Azi Hassan <azi.hassan live.fr> writes:

On Wednesday, 6 September 2017 at 18:21:44 UTC, Azi Hassan wrote:
 I tried to create a similar file structure on my Linux machine. 
 Here's the result of ls -R TEST1:

 TEST1:
 BACKUP
...

Upon further inspection it looks like I messed up the output.

 [31460]  - Array 1 for folder 1(all files in Folder 1) of the 
 FS C:\\Temp\\TEST1\\BACKUP
 [1344448]  - Array 2 for folder 2(all files in Folder 2) of the 
 FS C:\\Temp\\TEST1\\BACKUP
 [2277663, 2277663]  - Array 3 for folder 1(all files in Folder 
 1) of the FS C:\\Temp\\TEST2\\EXPOR
 [31460] - Array 4 for folder 2(all files in Folder 2) the FS 
 C:\\Temp\\TEST2\\EXPORT

What files do these sizes correspond to ? Shouldn't there be two 
elements in the first array because C:\Temp\TEST1\BACKUP\FOLDER1 
contains two files ?

Sep 06 2017

Vino.B <vino.bheeman hotmail.com> writes:

On Wednesday, 6 September 2017 at 18:44:26 UTC, Azi Hassan wrote:
 On Wednesday, 6 September 2017 at 18:21:44 UTC, Azi Hassan 
 wrote:
 I tried to create a similar file structure on my Linux 
 machine. Here's the result of ls -R TEST1:

 TEST1:
 BACKUP
...

 Upon further inspection it looks like I messed up the output.

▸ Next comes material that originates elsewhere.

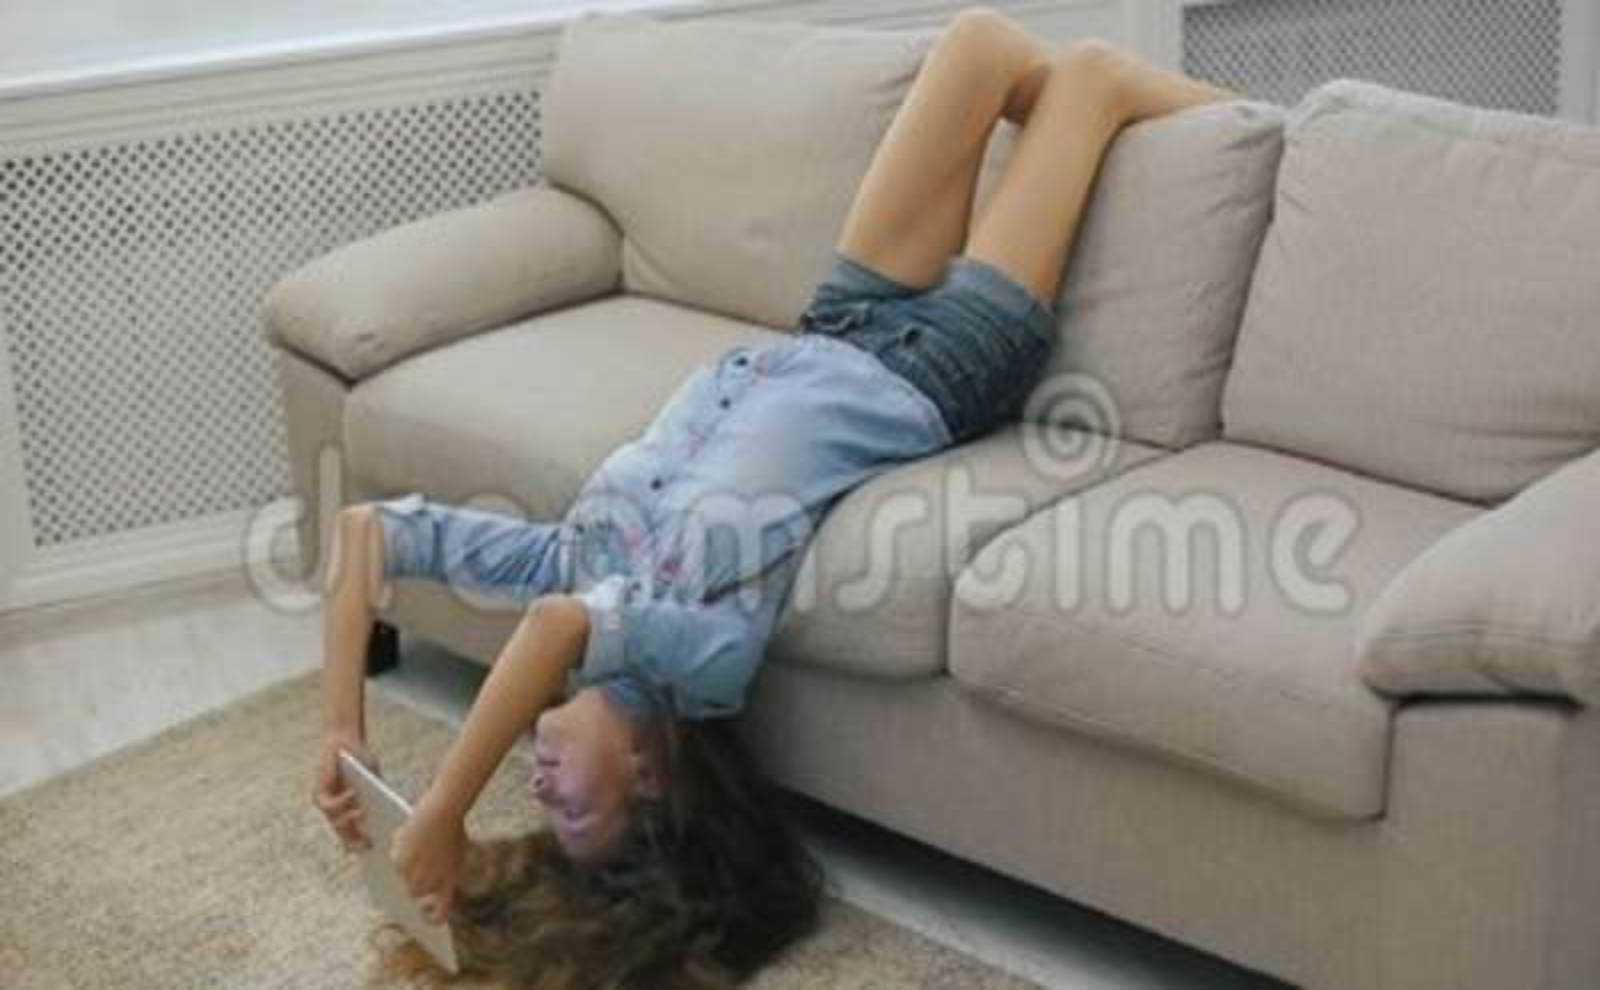 Great Nice Teens On A Sofa

 [31460]  - Array 1 for folder 1(all files in Folder 1) of the 
 FS C:\\Temp\\TEST1\\BACKUP
 [1344448]  - Array 2 for folder 2(all files in Folder 2) of 
 the FS C:\\Temp\\TEST1\\BACKUP
 [2277663, 2277663]  - Array 3 for folder 1(all files in Folder 
 1) of the FS C:\\Temp\\TEST2\\EXPOR
 [31460] - Array 4 for folder 2(all files in Folder 2) the FS 
 C:\\Temp\\TEST2\\EXPORT

What files do these sizes correspond to ? Shouldn't there be 
two elements in the first array because 
C:\Temp\TEST1\BACKUP\FOLDER1 contains two files ?


Hi Azi,

  Was able to implement "fold", below is the update code, 
regarding container array, I have almost completed my 
program(Release 1), so it is not a good idea to convert the 
program from standard array to container array at this point. 
Some staring tomorrow i would be working on(Release 2) where in 
this release i plan to make the above changes. I have not reached 
my study on container array, so can you help me on how to 
implement the container array for the below code.
Note : I have raised another thread "Container Array" asking the 
same.

string[][] coSizeDirList (string FFs, int SizeDir) {
	ulong subdirTotal = 0;
	ulong subdirTotalGB;
	auto Subdata = appender!(string[][]); Subdata.reserve(100);
     auto dFiles = dirEntries(FFs, SpanMode.shallow).filter!(a => 
a.isDir).map!(a => tuple(a.name, a.size)).array;
     foreach (d; dFiles) {
				auto SdFiles = dirEntries(join(["\\\\?\\", d[0]]), 
SpanMode.depth).map!(a => tuple(a.size)).array;
				foreach(f; parallel(SdFiles, 1)) { subdirTotal += f.fold!((a, 
b) => a + b); }
					subdirTotalGB = (subdirTotal/1024/1024);
					if (subdirTotalGB > SizeDir) { Subdata ~= [d[0], 
to!string(subdirTotalGB)]; }
					 subdirTotal = 0;
		    }
			return Subdata.data;
}

Note To All :

I am basically a Admin guy, so started learning D a few months 
ago and found it very interesting, hence i raise so many 
question, so request you to adjust with me for a while.


From,
Vino.B

Sep 06 2017

Azi Hassan <azi.hassan live.fr> writes:

On Tuesday, 5 September 2017 at 09:44:09 UTC, Vino.B wrote:
 Hi,

  The below code is consume more memory and slower can you 
 provide your suggestion on how to over come these issues.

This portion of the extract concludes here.